Four date measurements are defined in the Financial application in addition to the calendar feature built into the application that is most visible with the calendar picks available for date fields. Definition of these date measures has to occur before most other activity can take place in the application, starting with Fiscal Years, Accounting Periods, and ending with Calendar Dates. The fourth measure is one that is standard and requires no definition - Fiscal Quarters.
Four variants of the term year are used in reference to accounting entries: Calendar Year, Fiscal Year (FY), Accounting Fiscal Year (AFY), and Budget Fiscal Year (BFY). Of the four, only the fiscal year and accounting fiscal year are the same measurement. If a government operates financially on a calendar year, then the first three become the same measurement. However, that is often not the case, thus a difference arises between calendar and fiscal year. A calendar year is the familiar year of January 1 to December 31. The fiscal year is then defined as July 1 to June 30 or October 1 to September 30, depending on the government.
The budget fiscal year is often seen as having the same definition of the fiscal year, however, activity against that budget fiscal year can occur before the start of the fiscal year begin date and after the fiscal year end date. For that matter, accounting activity can occur against a fiscal year before and after the official start and end dates of that year. This pre and post activity is a choice that is tightly controlled within a financial application by one or more of the means described here in this users guide.

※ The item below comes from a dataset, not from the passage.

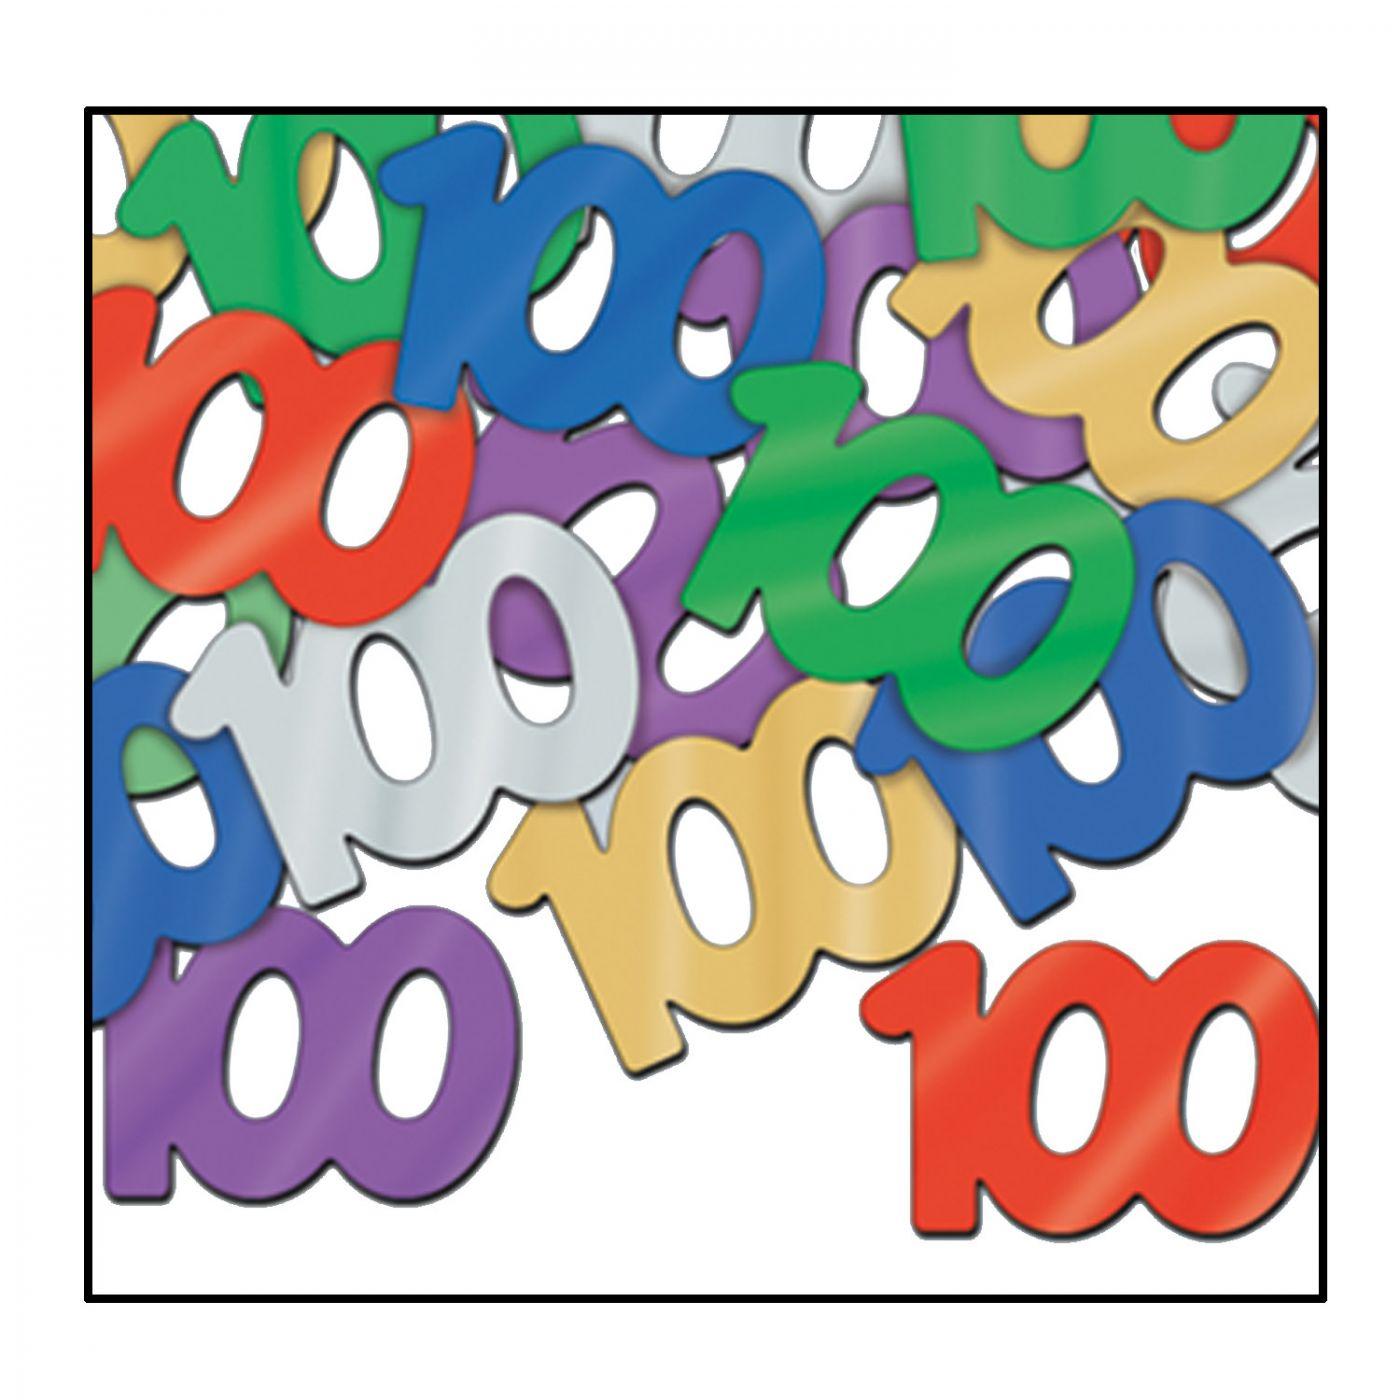 Fanci-Fetti  100  Silhouettes image

Four variants of the term accounting period are used in reference to accounting entries: Accounting Period (APD), Period (PER), Fiscal Period, and Month. Periods 1 thru 12 are the easiest ones to understand because they equate to the 12 months found in a year. CGI Advantage Financial allows for the definition of up to 99 periods to provide reporting and control flexibility. The most common application of accounting periods will extend into periods 13 and possibly 14, called adjustment periods, to contain different accounting entries processed in a subsequent year against a prior year. With 99 periods, an application can have all of the adjustment periods necessary. In fact, an application can even be defined to have bi-weekly or weekly periods, given 99 are available.